|The total market for flexible substrates will grow to US$1.2 bln by 2017, as per NanoMarkets. Demand for these materials is being driven by a wave of interest of adding flexibility in displays, solar panels and sensors as a way to expand markets in difficult times. Despite the considerable hype about flexible displays, much larger revenues for flexible substrate makers will come from the building-integrated PV (BIPV) sector. Substrates for flexible solar panels will account for US$536 mln in 2017. BIPV introduces a new architectural aesthetic and enables the costs of PV to be shared with the building fabric costs; flexible substrates will be a key enabling technology for these trends. Flexible solar panels will also be easier to transport and install. The earliest flexible substrates revenues will come from roll-to-roll (R2R) fabrication. R2R promises low-cost displays, lighting, RFID, etc. But there are still major challenges to be overcome in R2R since such processes often produce lower performance devices. These problems are expected to be resolved and the market for R2R flexible substrates will then explode. Meanwhile, the materials used for flexible substrates will change. The report predicts a major trend towards low-cost polymer substrates such as PET, as dramatic reductions in processing temperatures occur. This will also require more use of organic semiconductors. In addition, NanoMarkets sees flexible glass becoming a substantial market, if this material can support the same process technologies used for rigid glass displays. There will also be niche market for such novel flexible substrates as paper and textiles. Nonetheless, it is expected that the flexible substrates that are used to today will continue to take a significant share of the market. Metal substrates are already in widespread use (notably in the PV industry). Where strong, inert, cheap substrates are desired, stainless steel will remain a popular choice. Polyamide films are most likely to succeed in the long run where processing conditions are gentlest; printed PV would be an example here.
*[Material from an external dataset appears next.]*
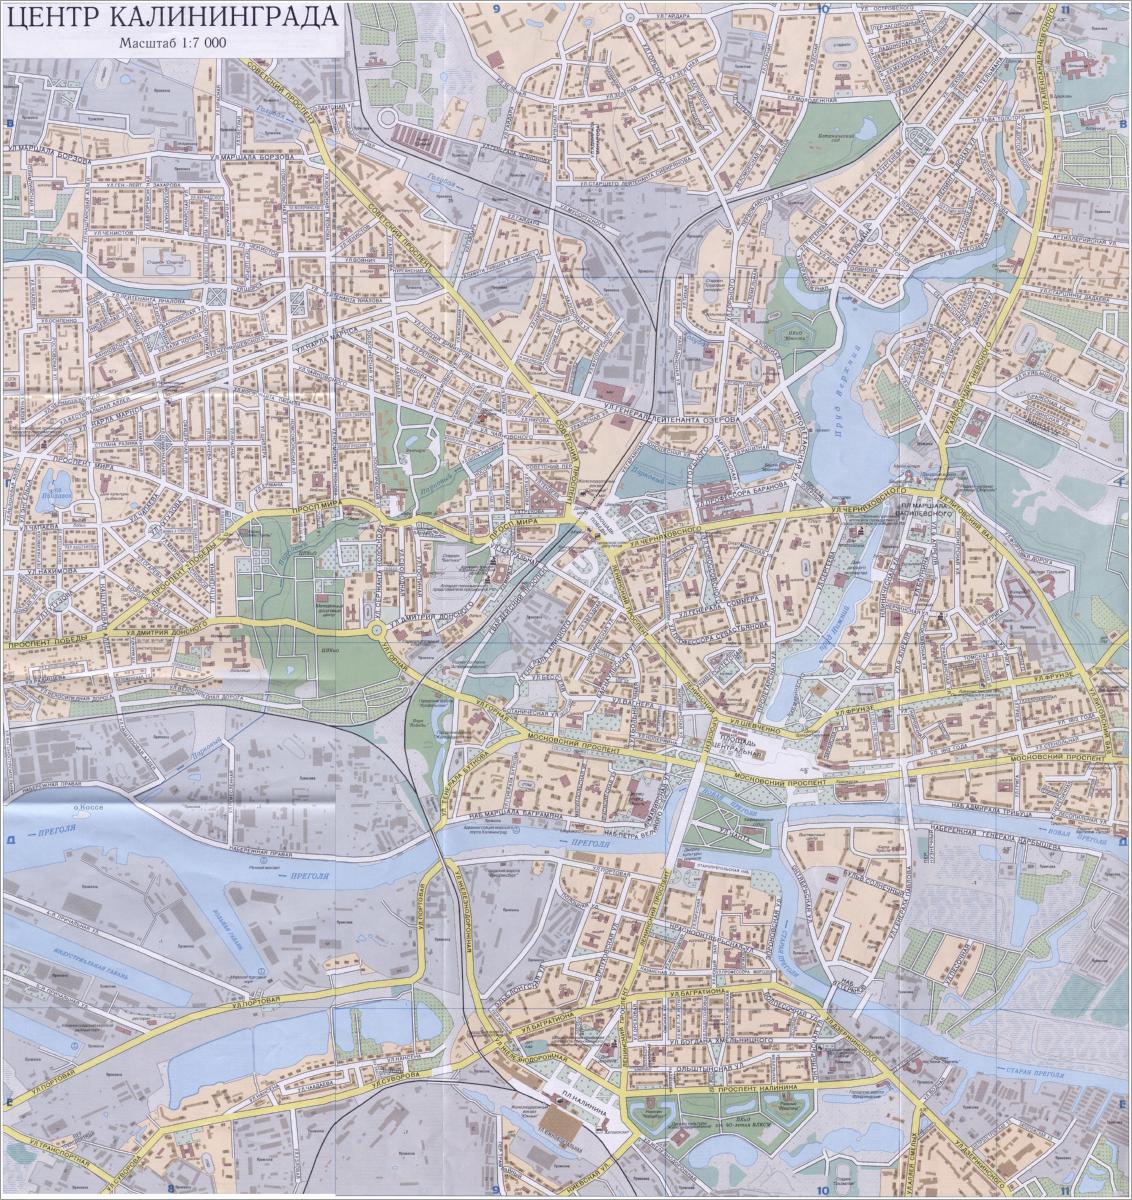 Straßenkarte des Kaliningrader Stadtzentrums, 1999
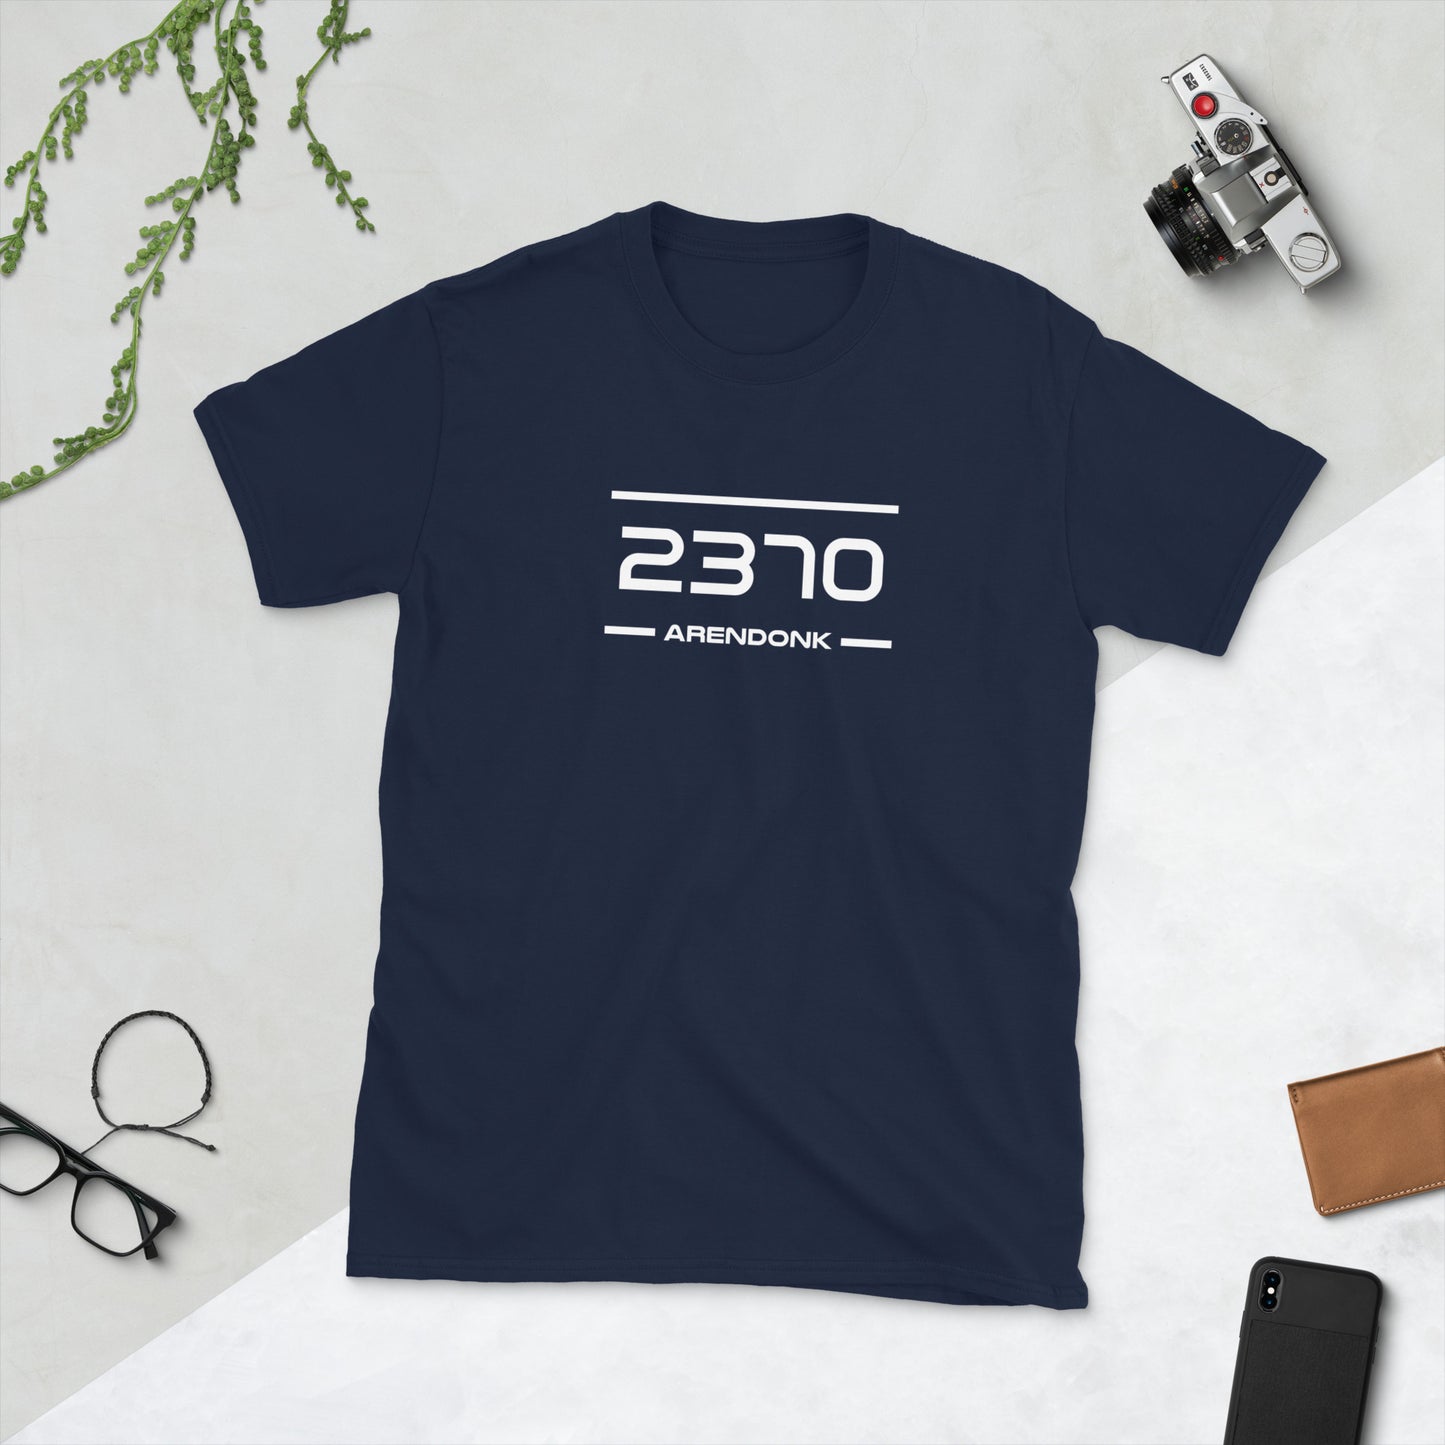 Tshirt - 2370 - Arendonk

The high sensitivity to air and water vapor of thin-film PV (TFPV) is a factor that increasingly retards the market for this technology. TFPV got its big chance during the silicon shortage era, during which conventional crystalline silicon was held back by lack of availability of its main raw material. Now that the silicon shortage is over, there is a burden on the manufacturers of the newer forms of PV to find new ways to compete with c-Si modules. Newer forms of PV are often touted for their flexibility, but the fact is that today they consist overwhelmingly of fully glass-encapsulated modules. Rigid substrates also prevent new types of PV achieving cost advantages to the extent that they are barred from adopting R2R manufacturing processes. The apparently natural fit of TFPV for mobile PV and building integrated PV (BIPV) will also only be realized if more flexibility and higher performance encapsulation becomes possible. Nonetheless, flexible PV options have been slow to develop, in many cases primarily because flexible encapsulation options are considered cost prohibitive or technically inferior. As a result there seems to be opportunities for materials firms to come up with improved encapsulation and substrate options; ones that enable TFPV to better meet its promise.
In total, the TFPV substrate/encapsulation market is expected to reach US$1.3 bln by 2015, going on to reach US$1.8 bln by 2017. And while some of the most advanced encapsulation systems have proved difficult to develop and come with a high cost, several areas have been identified where these systems are beginning to make economic sense, most notably in the CIGS sector.